(Data supplied)

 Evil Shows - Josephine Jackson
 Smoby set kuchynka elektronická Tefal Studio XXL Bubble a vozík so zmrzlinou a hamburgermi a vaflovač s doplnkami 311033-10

(End Data supplied)
(Data supplied)

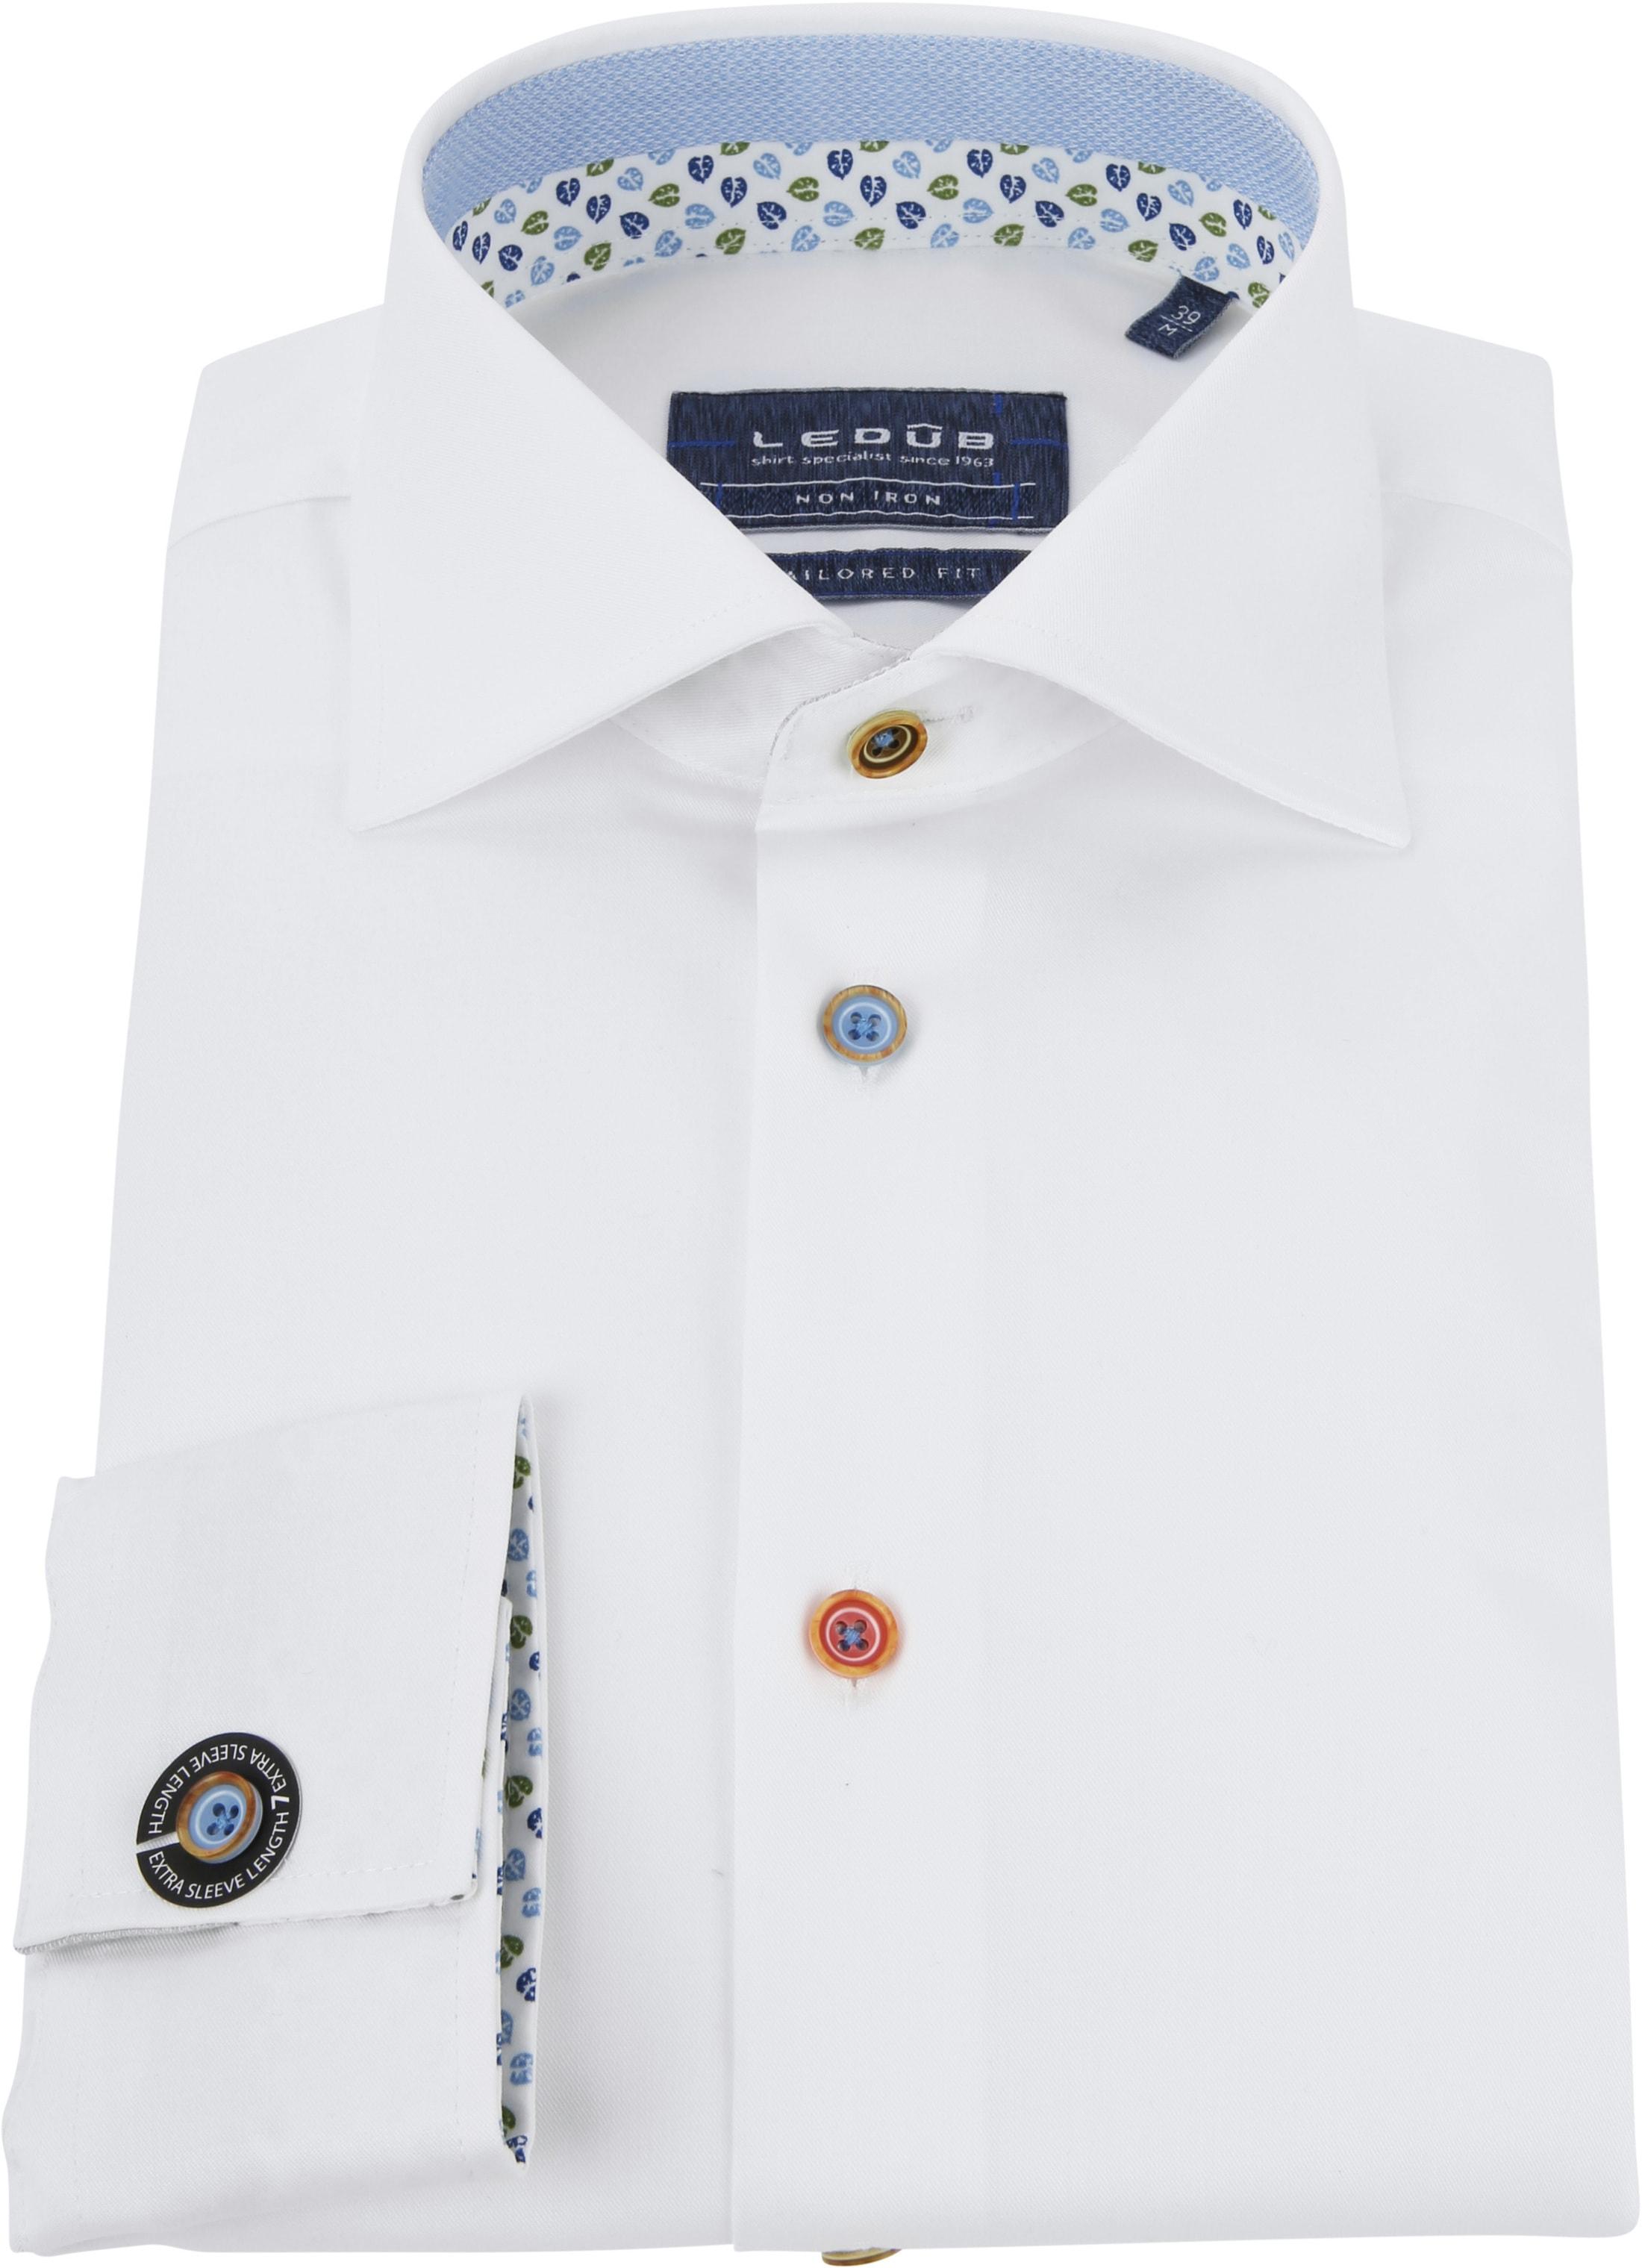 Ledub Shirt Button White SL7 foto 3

(End Data supplied)

Task goal — Find the line with "Evil Shows - Josephine Jackson" in the material above. Reproduce it and each line after it up to and including the line with "Smoby set kuchynka".

Worked solution —
 Evil Shows - Josephine Jackson
 Smoby set kuchynka elektronická Tefal Studio XXL Bubble a vozík so zmrzlinou a hamburgermi a vaflovač s doplnkami 311033-10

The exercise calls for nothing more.